Could a Rogue Planet Collide with Earth?

by KIDS DISCOVER

Rogue_Planets

The short answer is no. But what is a rogue or nomad planet, and why should we not be afraid of something that big hurtling through space? Rogue planets roam the galaxy without orbiting any star. Once thought rare, these free-floating celestial bodies are now said to be pretty common.

How big are rogue planets?
Nomad planets range in size from Pluto-esque (5.5 times smaller than Earth) to as big as Jupiter (11 times bigger than Earth). Scientists think some rare rogue planets could have a mass five times that of Jupiter.

How do rogue planets form?
A nomad planet forms as most planets do, out of a disk of gas and dust swirling around a young star.  Or it may arise from the gravitational collapse of part of an interstellar cloud. But the bigger question is …

Why do planets go rogue?
Planets get ejected from their original solar systems for different reasons. One planet might throw off another one’s orbit. Solar systems rarely have two Jupiter-sized planets, so one might get pushed out. Or a nearby star could pull it out of orbit. Of course, if the planet formed from a collapsing cloud, it might not have had an orbit to lose.

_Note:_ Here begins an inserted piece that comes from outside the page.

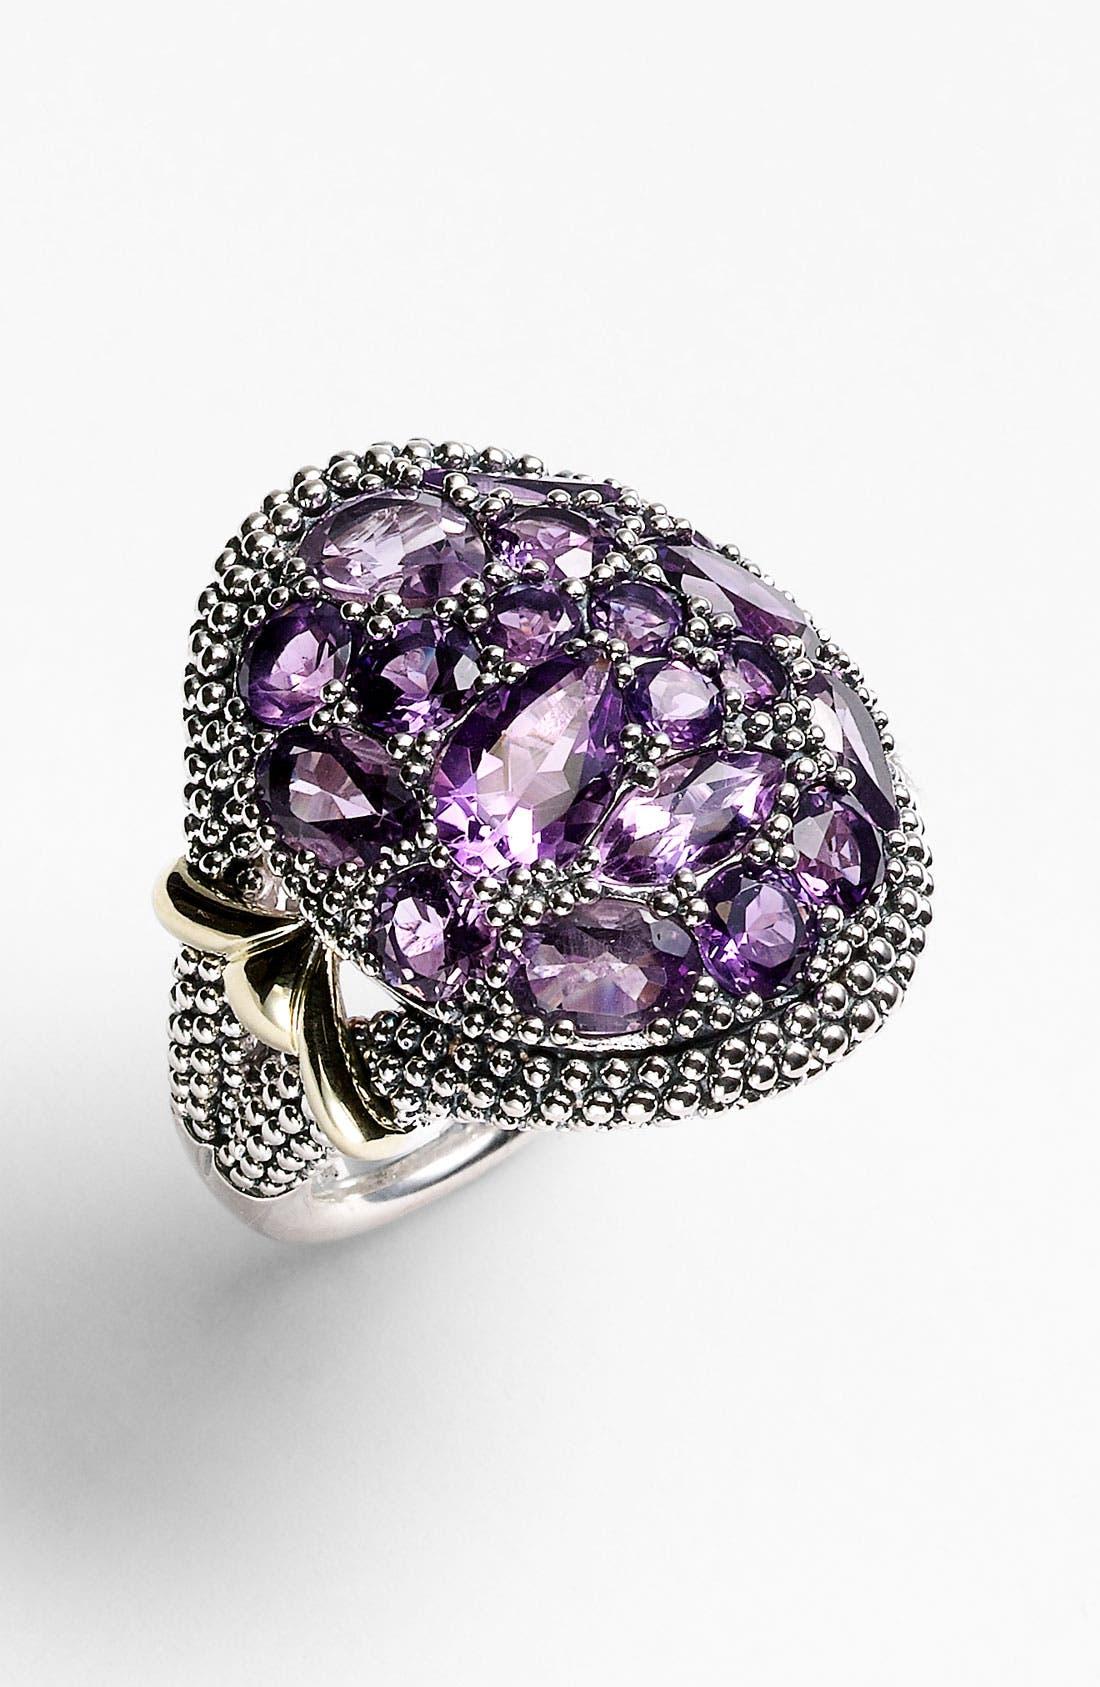 Main Image - LAGOS 'Ombré' Multi Stone Ring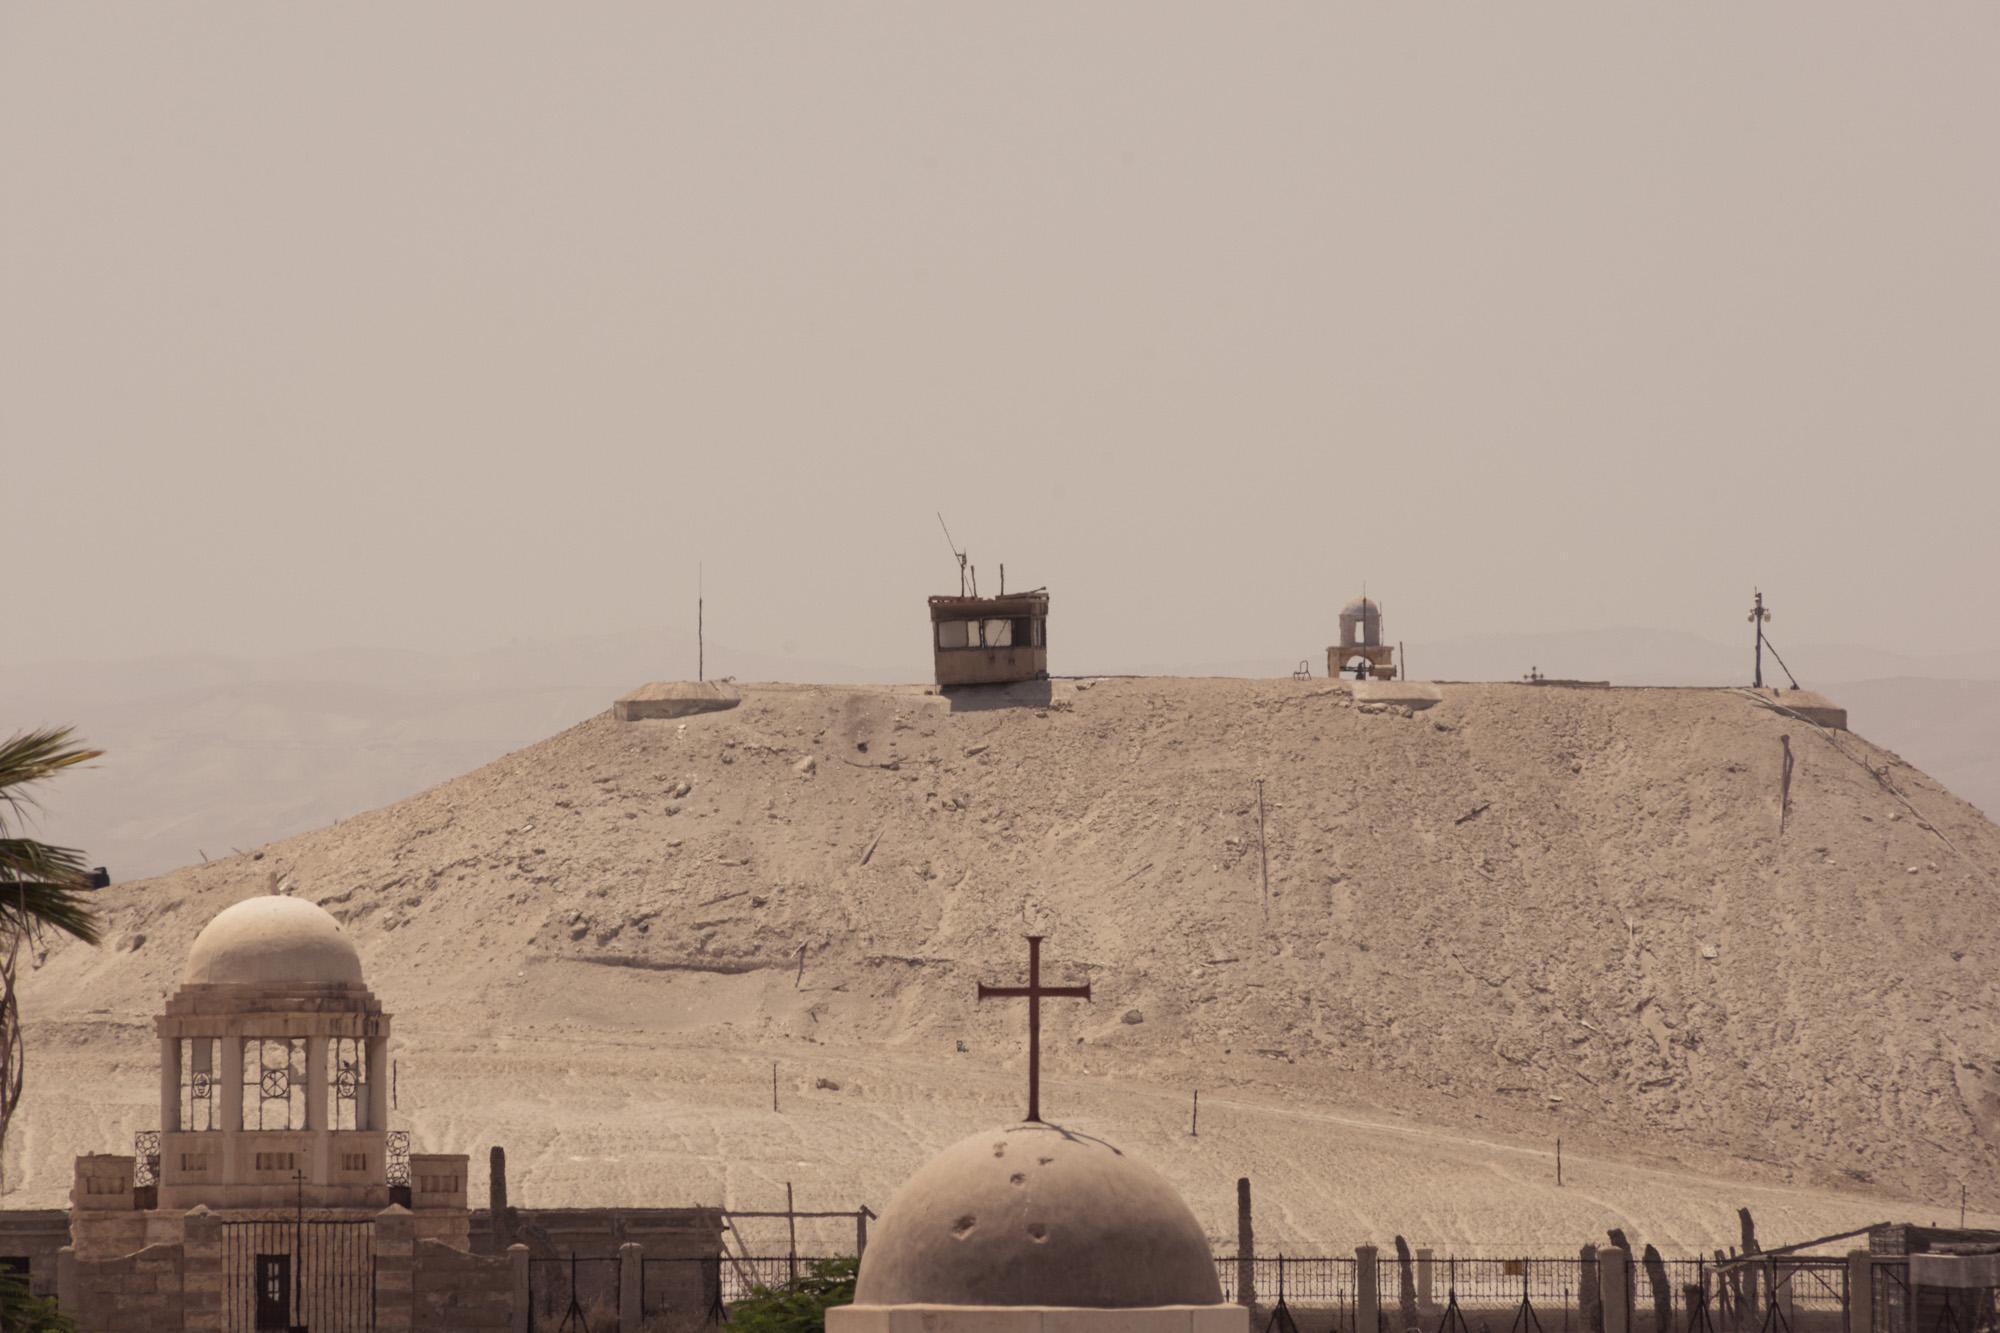 Trip through Jordan from Amman to Aqaba in july 2017.

How many rogue planets are there?
You ready for this? These nomads may outnumber stars by 100,000 to 1. So if there are 200-400 billion stars, you do the math. Wow, right? That’s a lot of zeroes.

Could rogue planets support life?
Because they don’t orbit a star closely (we’ll get back to that in a sec), they wouldn’t have a consistent light source, but radioactive decay or tectonic activity could provide heat. An atmosphere could help retain it, or life could exist underground. So, yes … theoretically.

Do rogue planets ever stop being rogues?
Scientists think these planets might adopt distant orbits as much as 1,000 times farther from a star than Earth is from our sun. These planets also might be drawn into orbit around black holes, which have stronger gravity than stars do.

What are the chances of a rogue planet hitting us?
Let’s just say that scientists aren’t worried about it, so you shouldn’t be either.